Bridgehampton is a station along the Montauk Branch of the Long Island Rail Road. It is located at Maple Lane and Butter Lane, in Bridgehampton, New York.

History 
Bridgehampton station opened in June 1870 for the Sag Harbor Branch, and was burned to the ground on July 6, 1884. Another station replaced it the same year, and on June 1, 1895 it began to serve the Montauk Extension.

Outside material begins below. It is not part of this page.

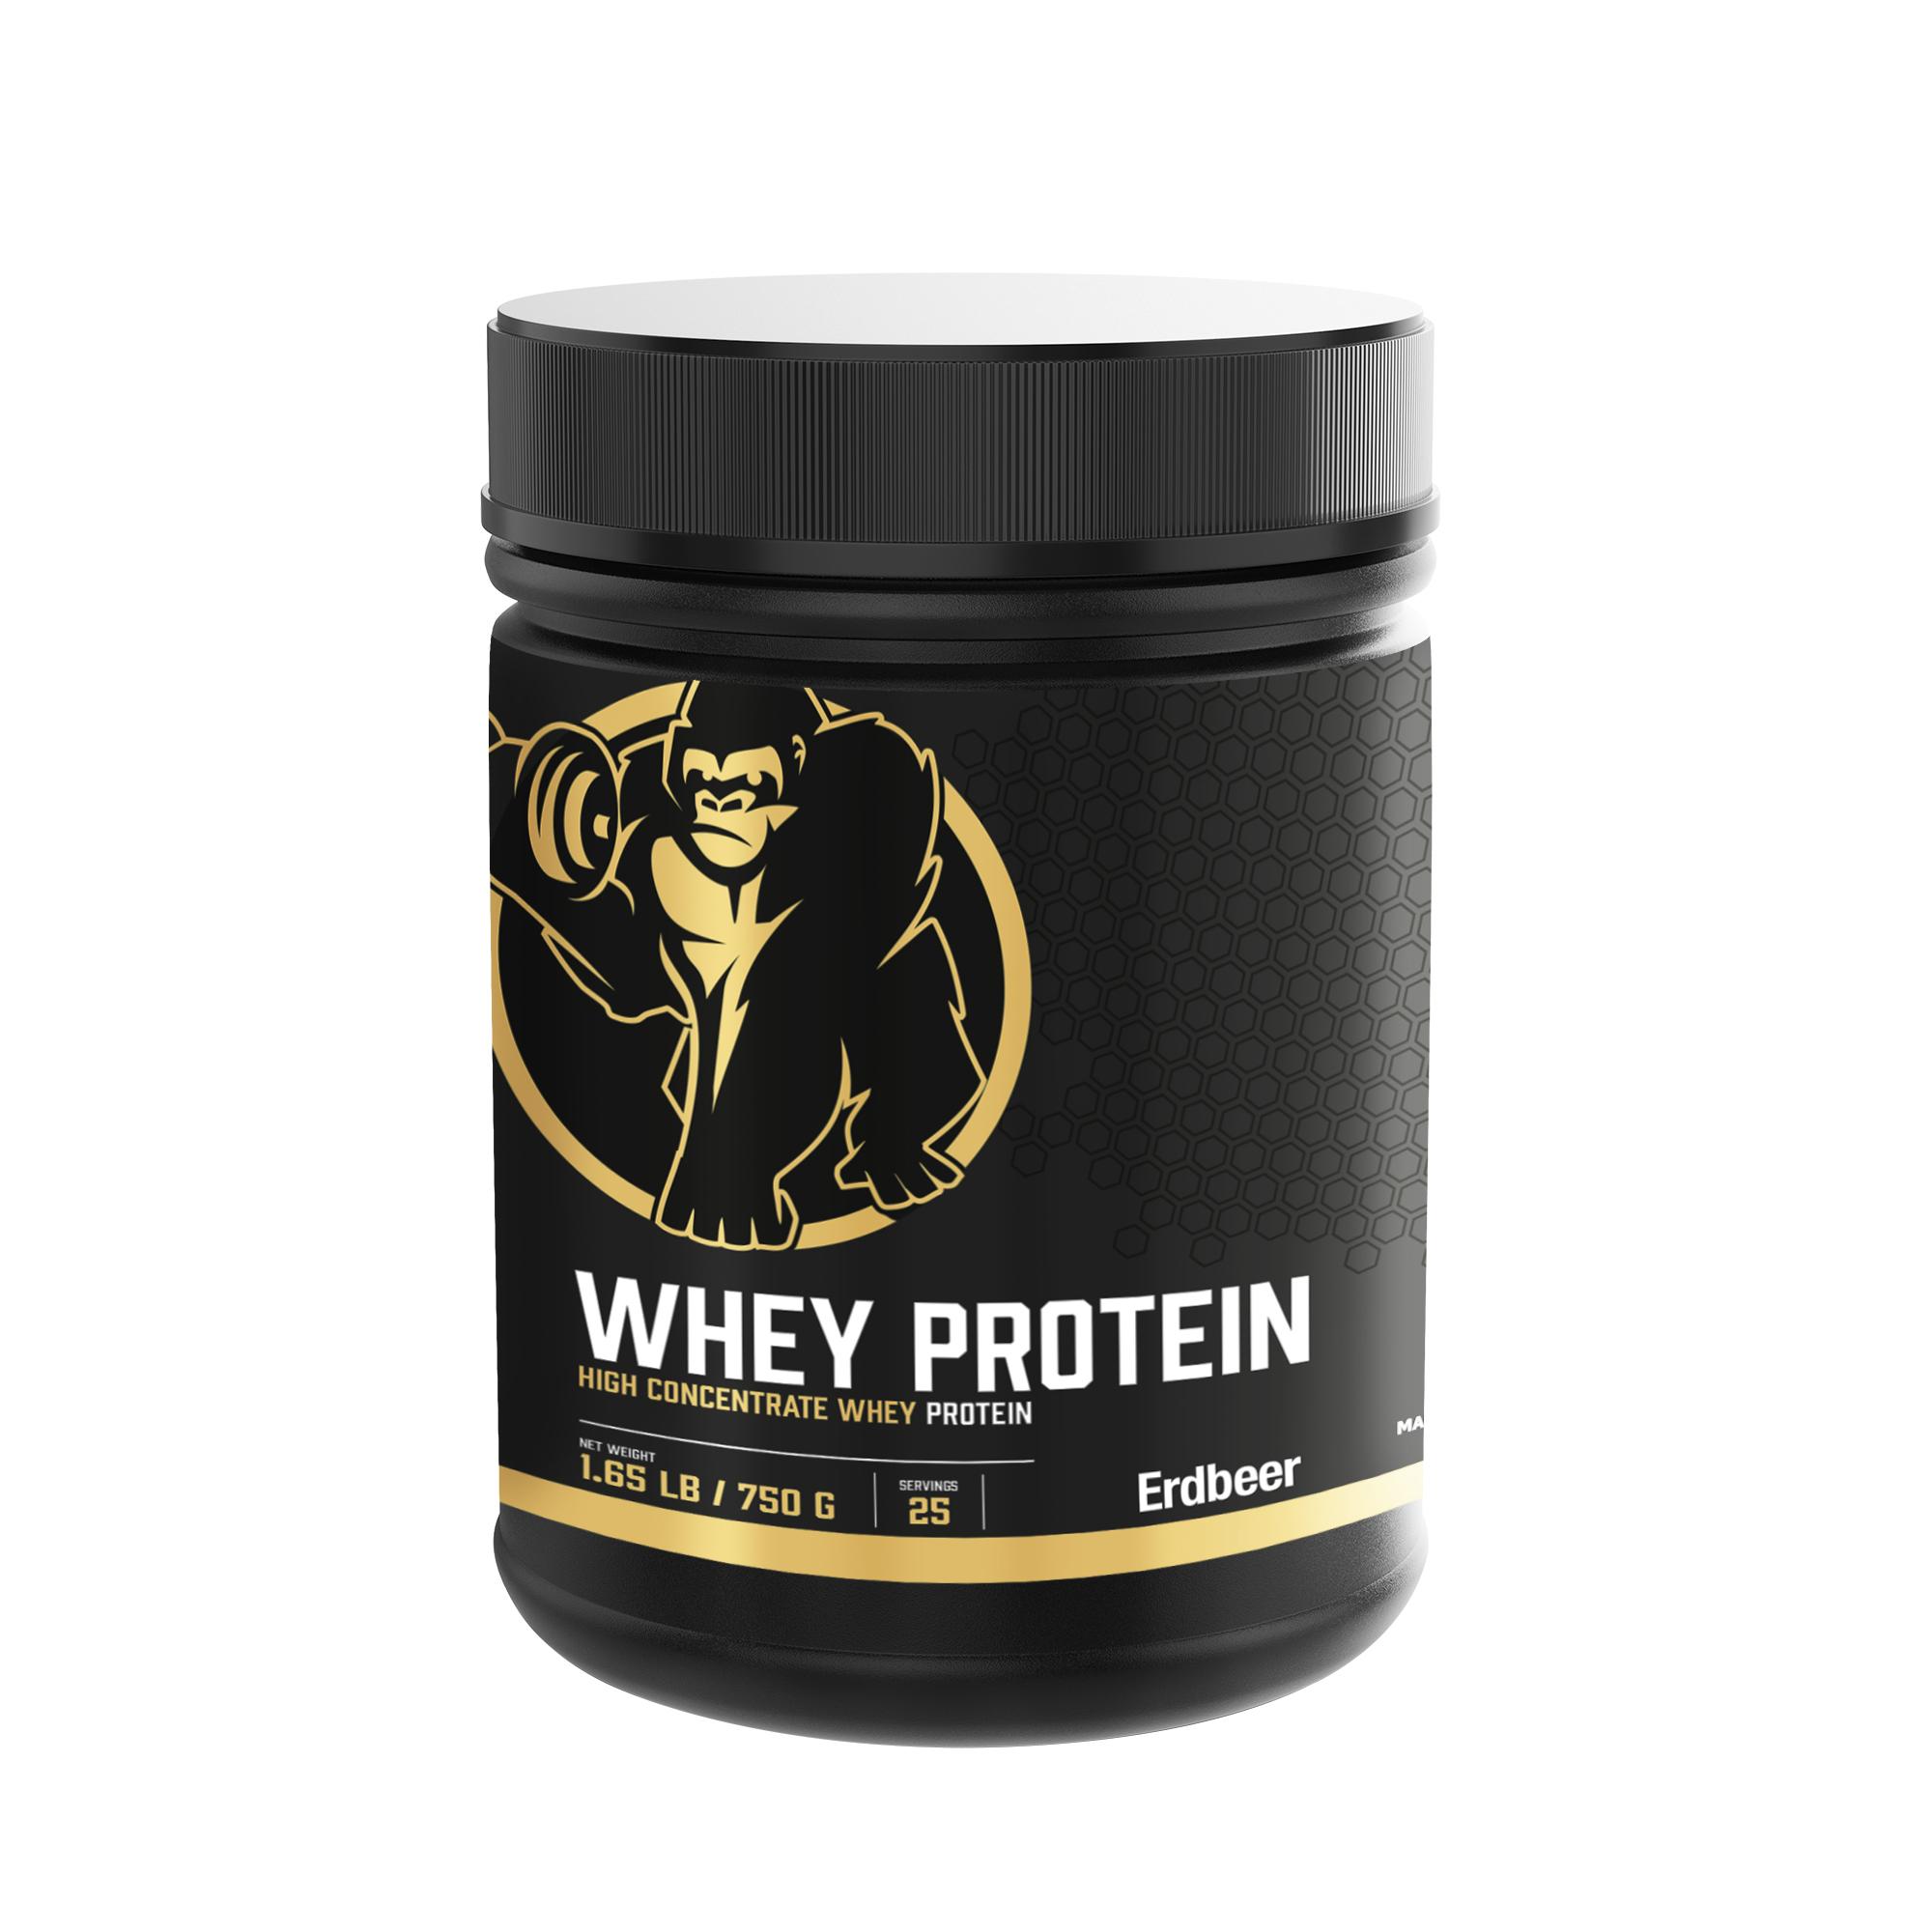 Whey Protein Erdbeer 750 g

The Sag Harbor Branch was abandoned on May 3, 1939. The station was closed between 1958, and January 1959, and was razed in May 1964. In 1968, the station was replaced with a shelter, and a high-level platform was built in the late 1990s.

Station layout
The station has one six-car-long high-level side platform on the south side of the main track; a siding is on the north side of the main track.

References

External links 

 

Sag Harbor Branch; Part Two (Arrt's Arrchives)
Unofficial LIRR History Website
Babylon-Montauk Branch Stations
Current Bridgehampton Station (March 2000 Photo)
The LIRR 7PM Bridgehampton (YouTube)
Unofficial LIRR Photography Site
Bridgehampton Station

Long Island Rail Road stations in Suffolk County, New York
The Hamptons, New York
Railway stations in the United States opened in 1870
1870 establishments in New York (state)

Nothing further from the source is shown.